PROBLEM TO WORK ON: Below are records; the lines starting at the one with "Fair Westfalenhallen Dortmund" and ending at the one with "Paulmann. 60181 Светильник" must be reproduced exactly, both included. Pictures must not appear.

DATA SUPPLIED:
──────

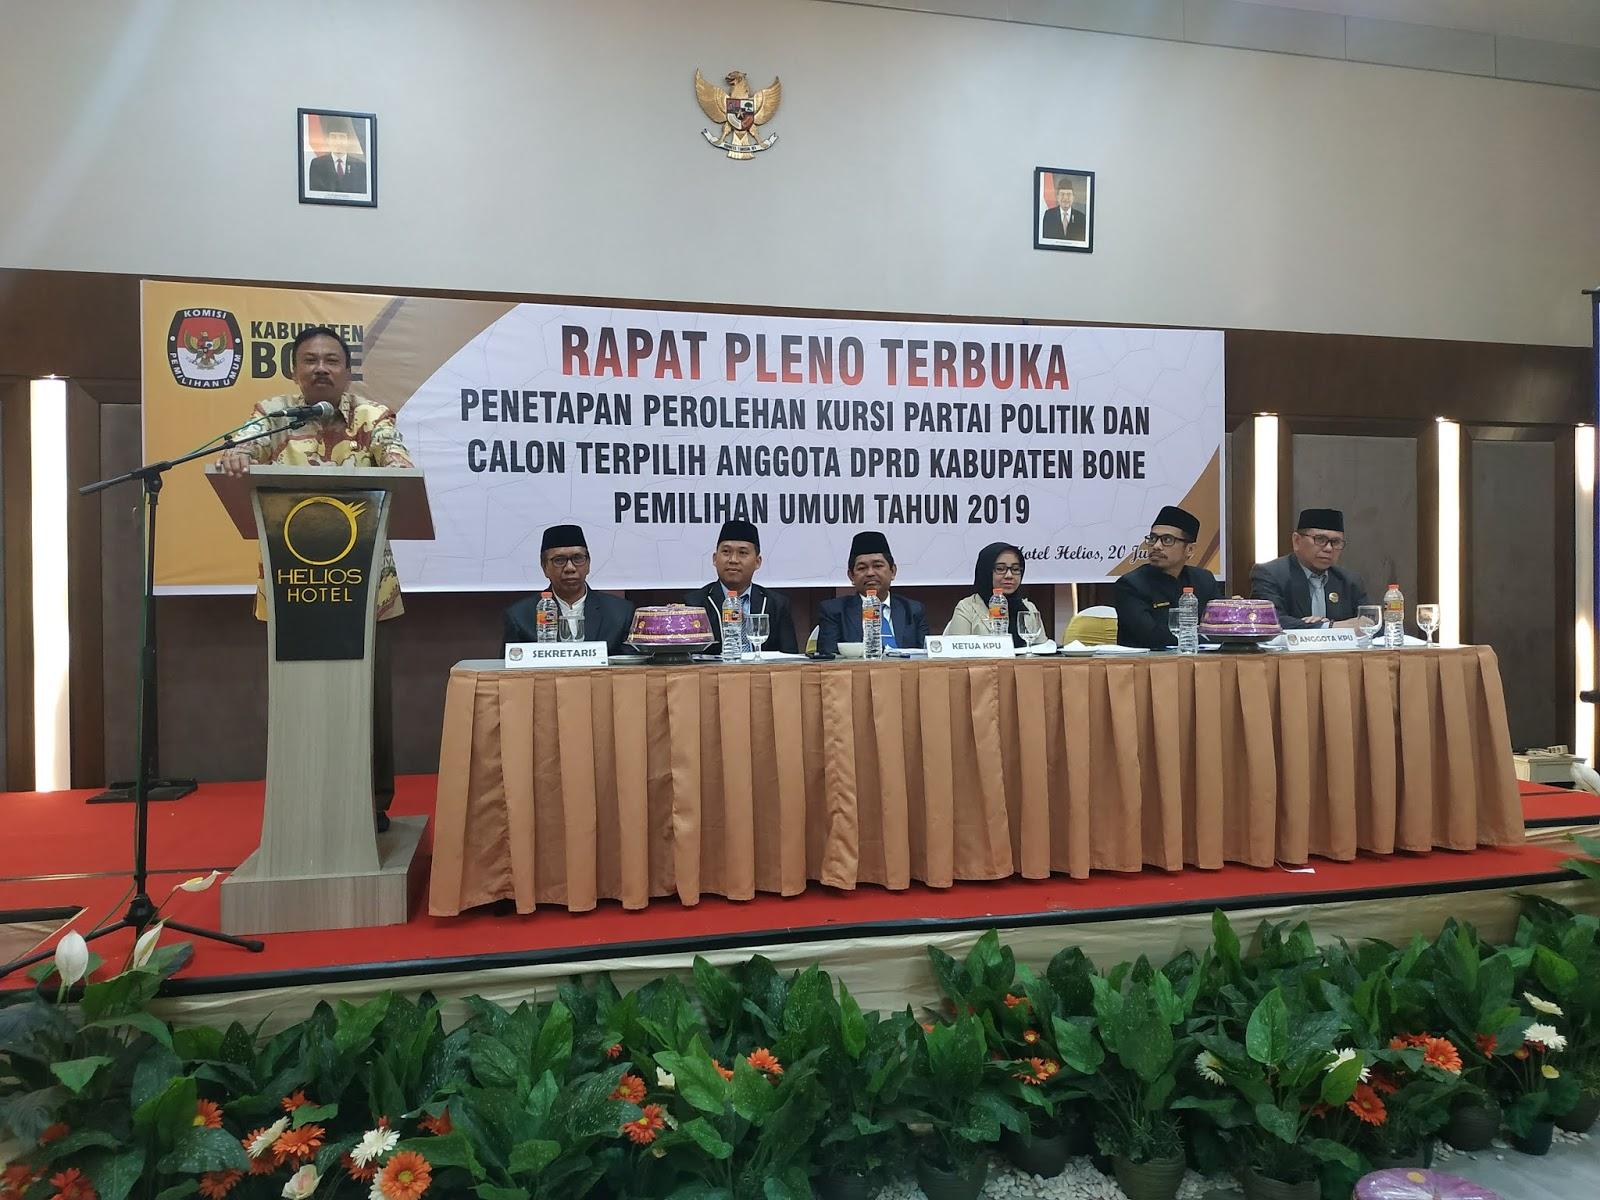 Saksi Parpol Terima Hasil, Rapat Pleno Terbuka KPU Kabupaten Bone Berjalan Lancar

──────

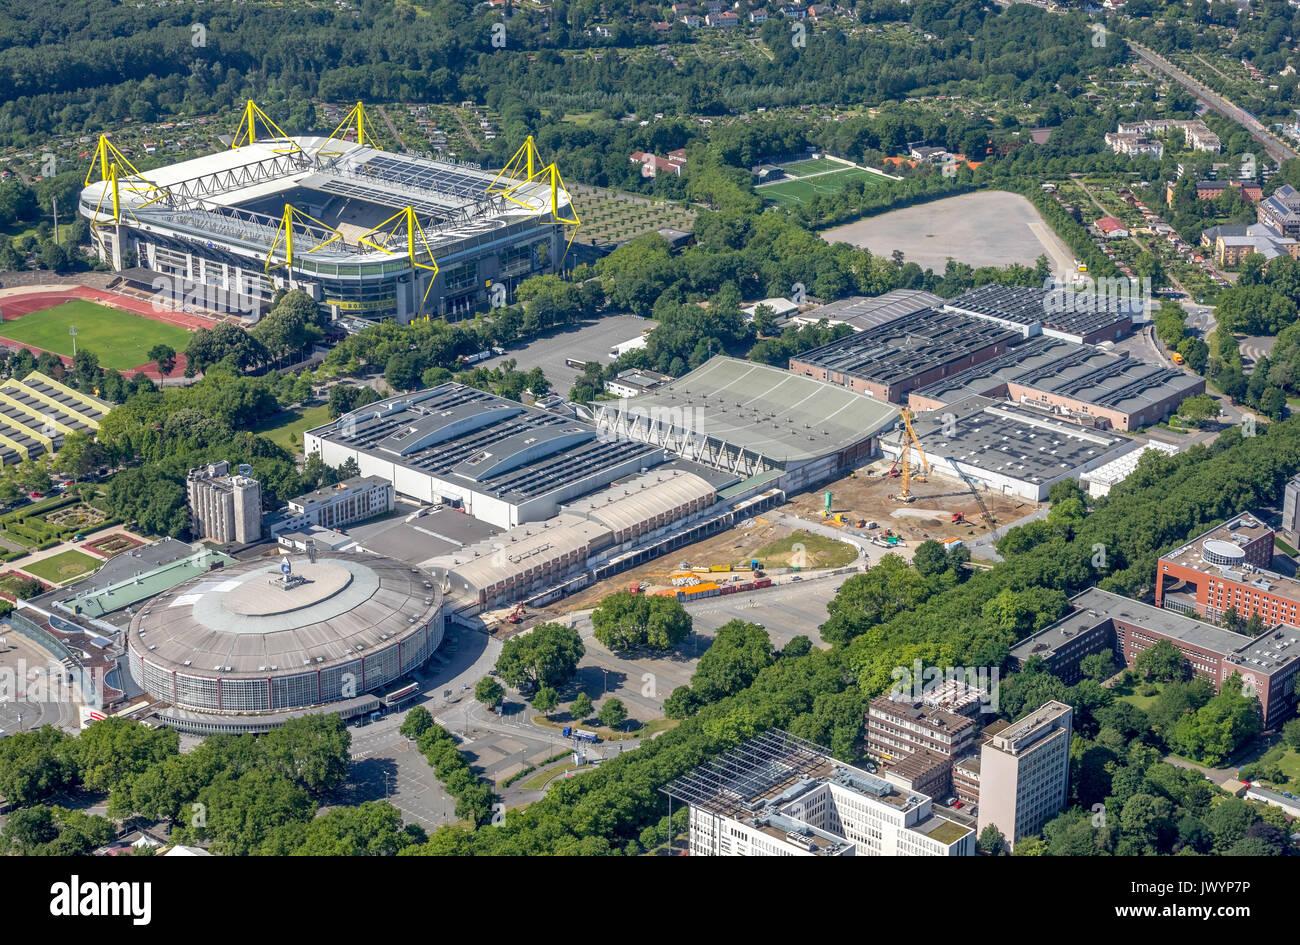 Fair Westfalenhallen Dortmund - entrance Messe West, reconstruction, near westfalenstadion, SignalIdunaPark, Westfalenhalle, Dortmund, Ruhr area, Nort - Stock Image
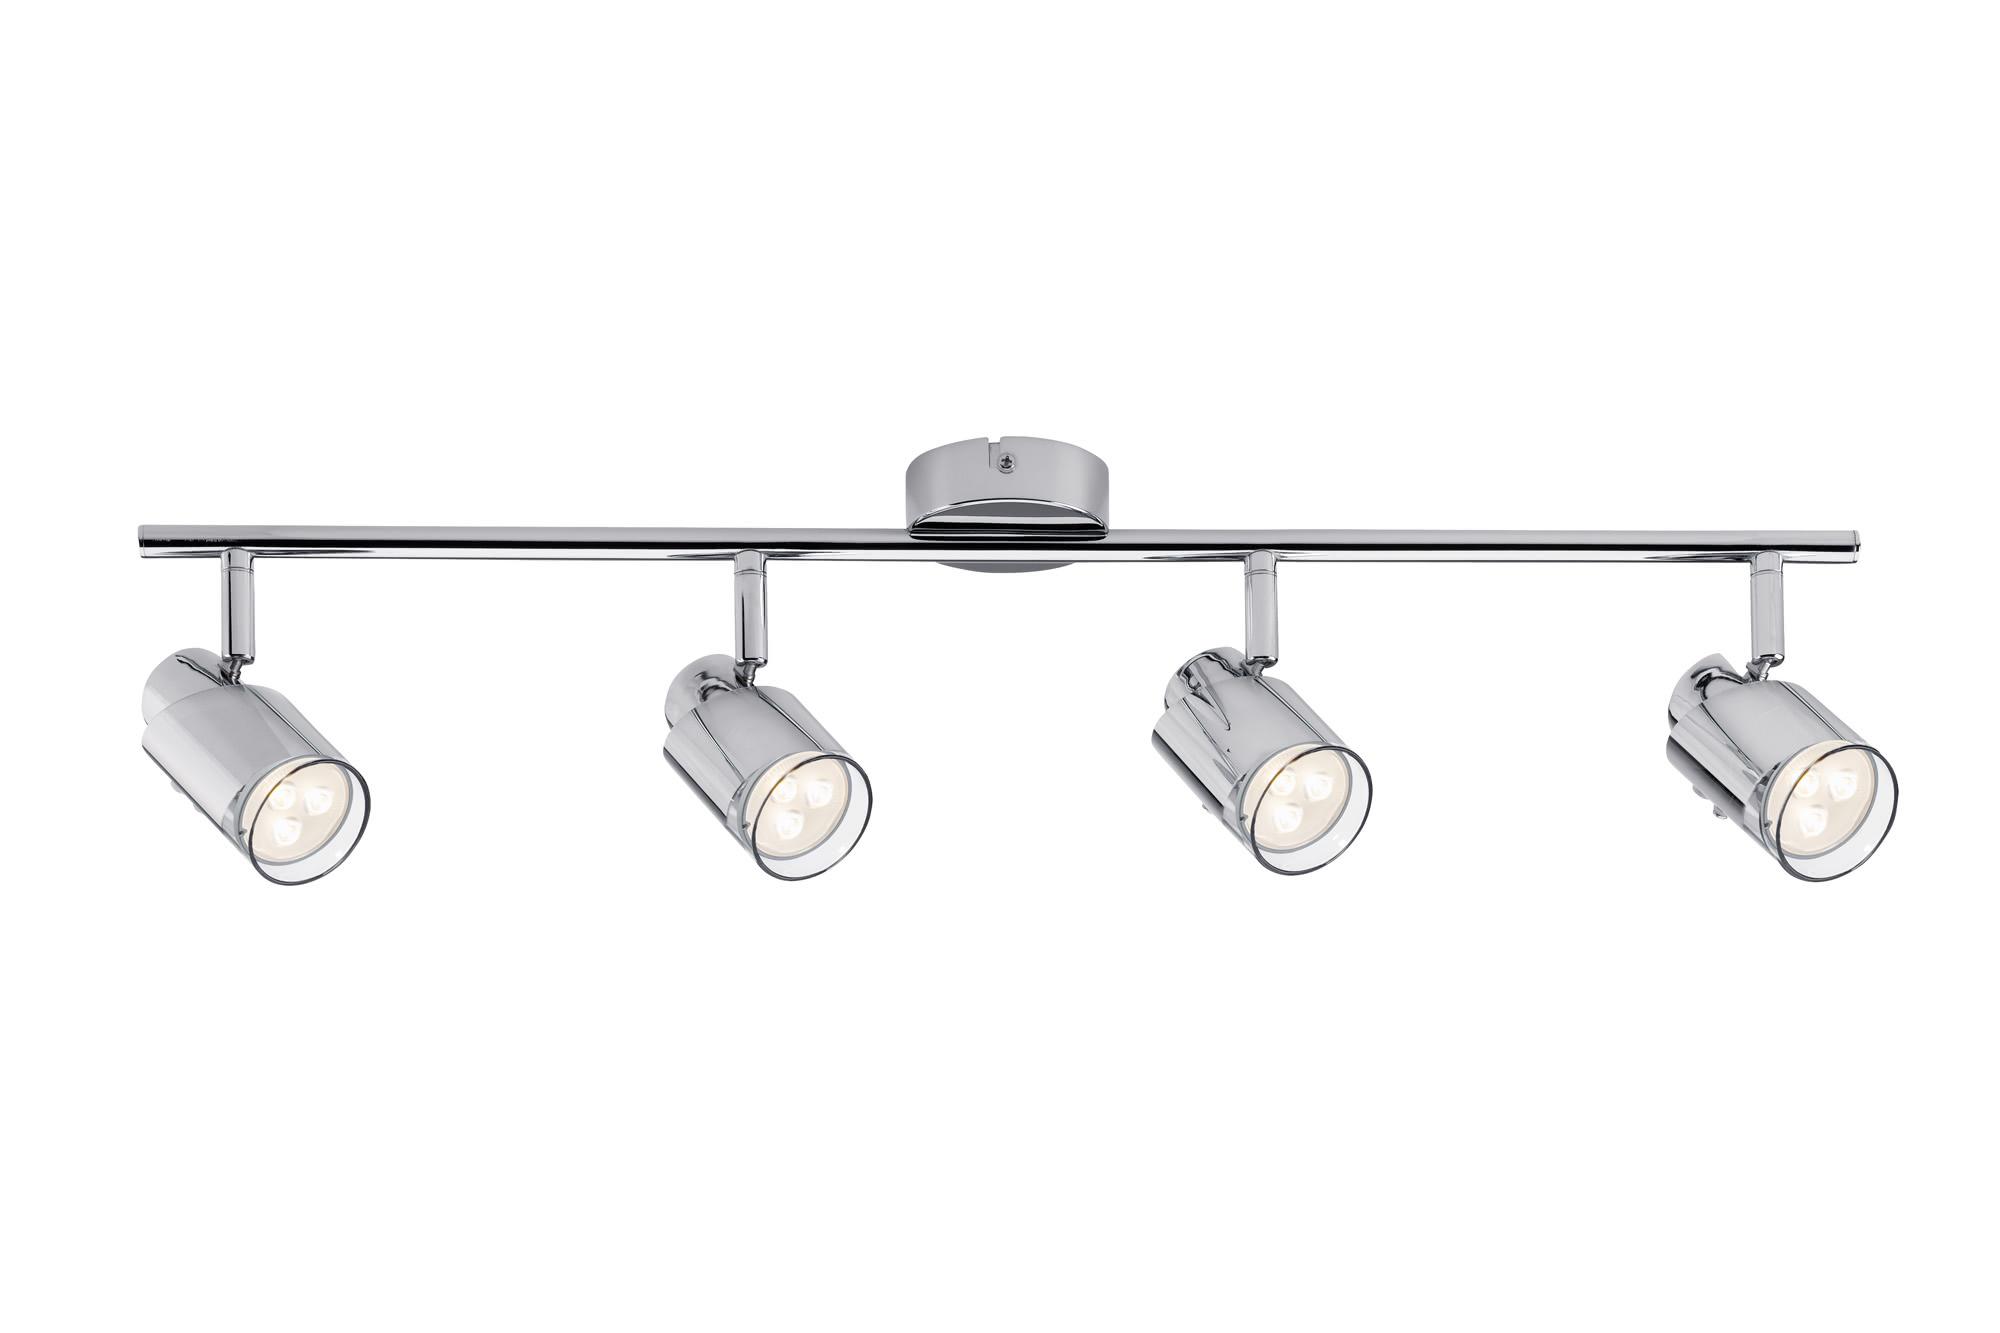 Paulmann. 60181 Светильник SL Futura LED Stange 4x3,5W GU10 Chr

──────

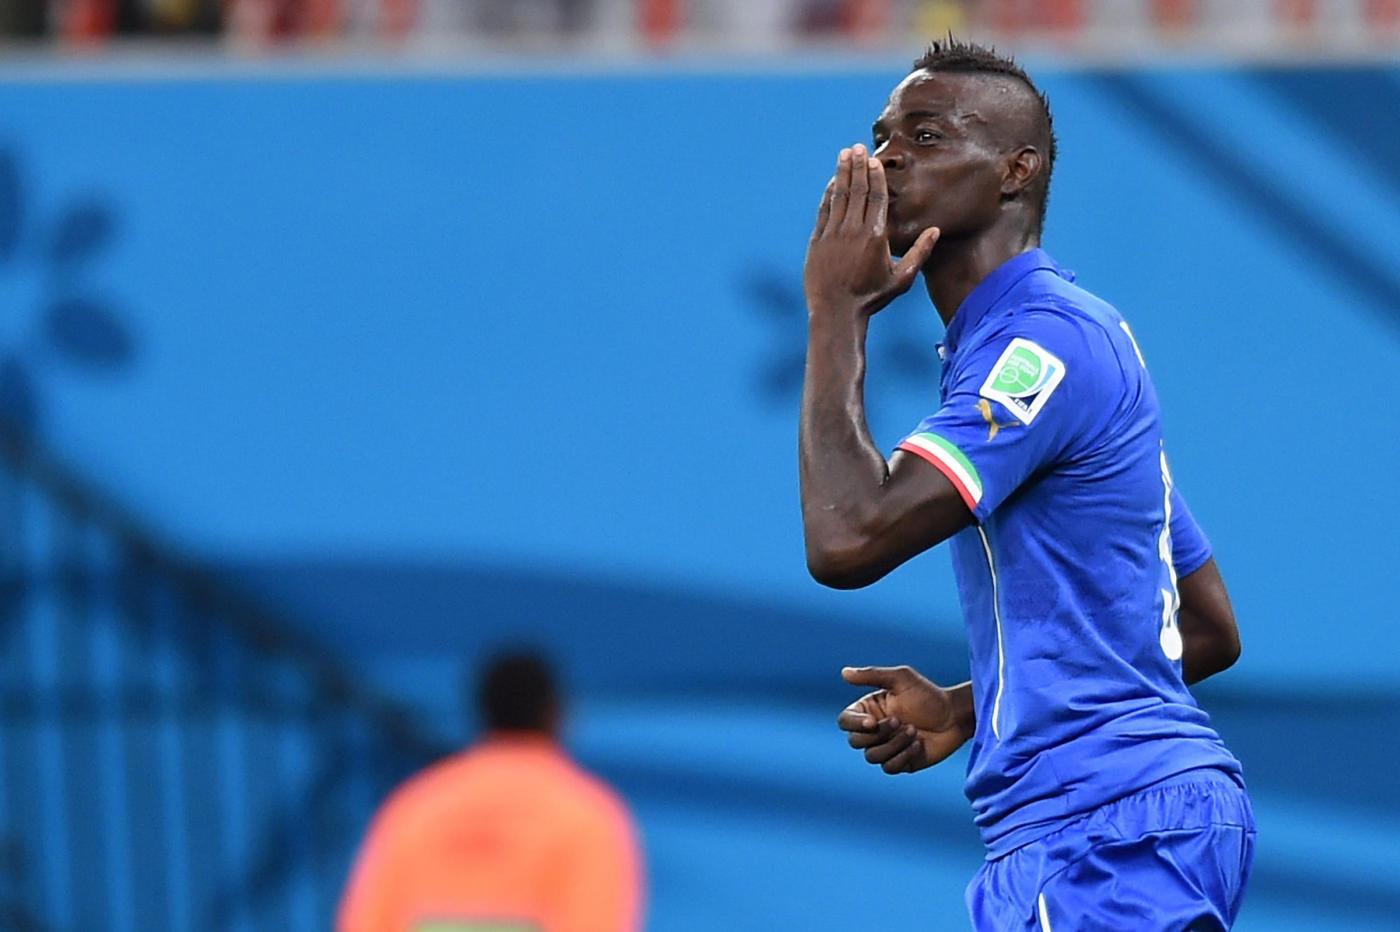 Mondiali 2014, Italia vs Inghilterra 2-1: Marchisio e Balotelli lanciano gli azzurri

──────

RESPONSE FOR THIS EXERCISE:
 Fair Westfalenhallen Dortmund - entrance Messe West, reconstruction, near westfalenstadion, SignalIdunaPark, Westfalenhalle, Dortmund, Ruhr area, Nort - Stock Image
 Paulmann. 60181 Светильник SL Futura LED Stange 4x3,5W GU10 Chr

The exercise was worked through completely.